Uiteindelijk hadden we 8,70 km op de teller toen we terug aan de auto stonden.

Het was wel een heel mooie wandeling maar de Pikhakendonk zal voor een andere keer zijn.

De Luysen – Mariahof (Bree-Beek)

We hadden voor onze derde (en helaas ook laatste) dag kunnen kiezen voor één van de vele wandellussen van de Duinengordel.

Maar we kozen om een kwartiertje verder te rijden naar het natuurgebied De Luysen op de grens tussen Bocholt en Beek (Bree).

De Luysen is een natuurgebied dat bestaat uit een complex van visvijvers van 40 ha, en aansluitend een moerassig bosgebied. De vijvers worden gevoed door de Abeek. Het gebied is eigendom van Natuurpunt.

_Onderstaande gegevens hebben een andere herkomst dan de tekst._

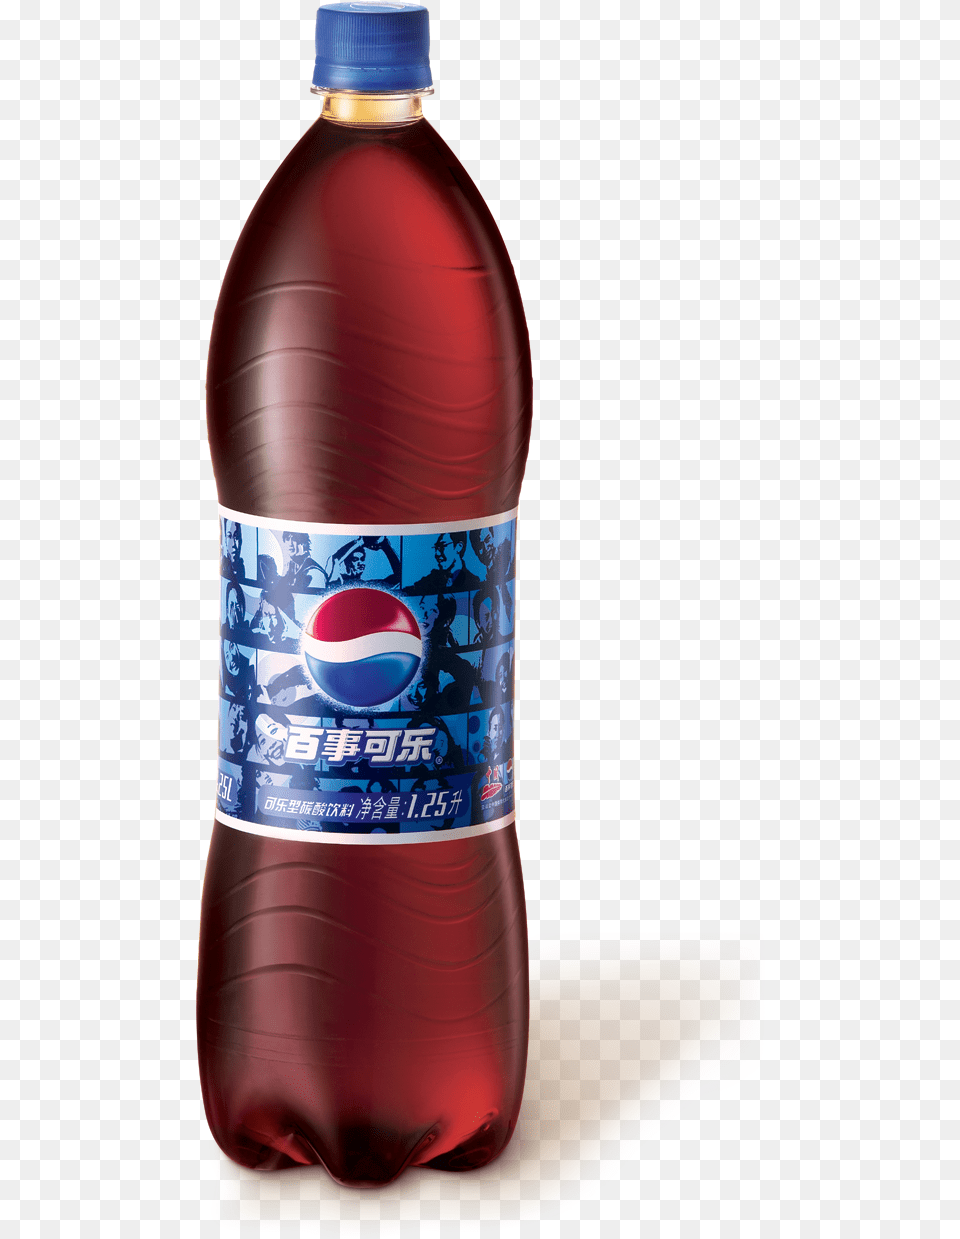 Soft Drink Coca Cola Pepsi Pepsi 1 Liter, Bottle, Beverage, Pop Bottle, Soda Png Image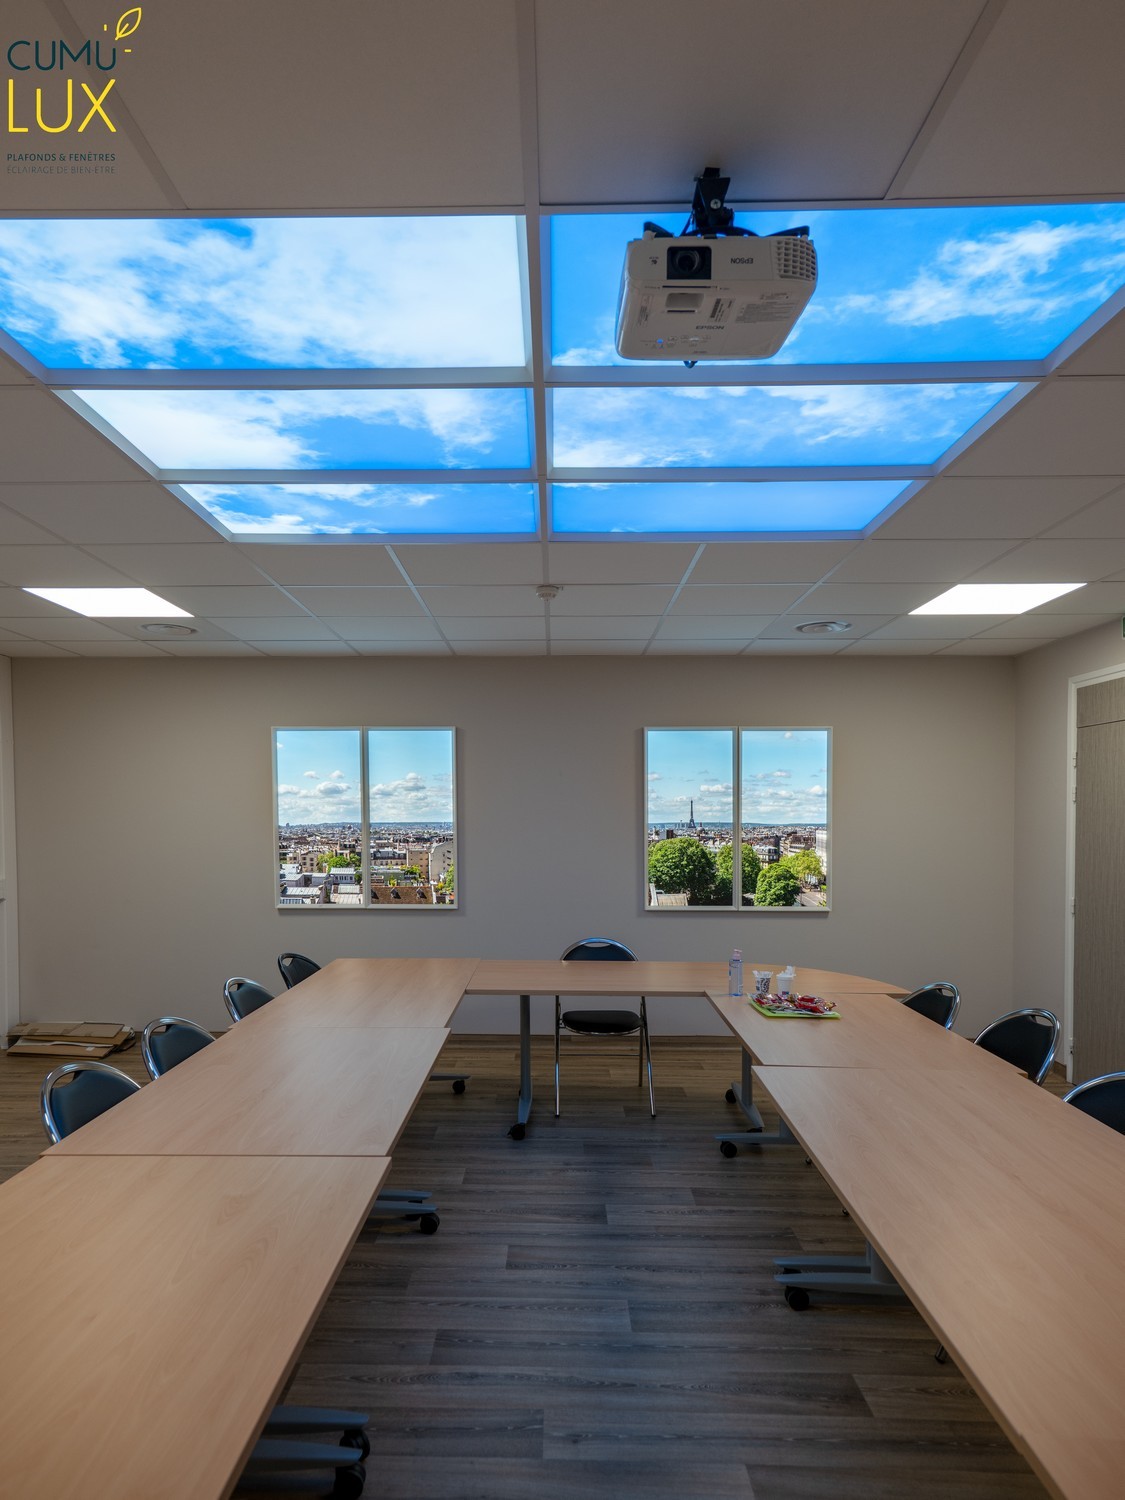 Faux plafond et fausses fenêtre Cumulux pour éclairer une salle de réunion aveugle.

De naam van het gebied is afkomstig van het luys-kruyd, en dit betrof dan riet, rietgras of lisdodde. De visvijvers van De Luysen en het nabijgelegen Mariahof, deels ook gebruikt als zwemvijver (De Luysen was een recreatie-oord), werden in 1996 aangekocht door Natuurpunt en heringericht. Sindsdien vormen ze, samen met het omringende moerasgebied, een belangrijk rustpunt voor watervogels. Er werden twee vogelkijkhutten ingericht.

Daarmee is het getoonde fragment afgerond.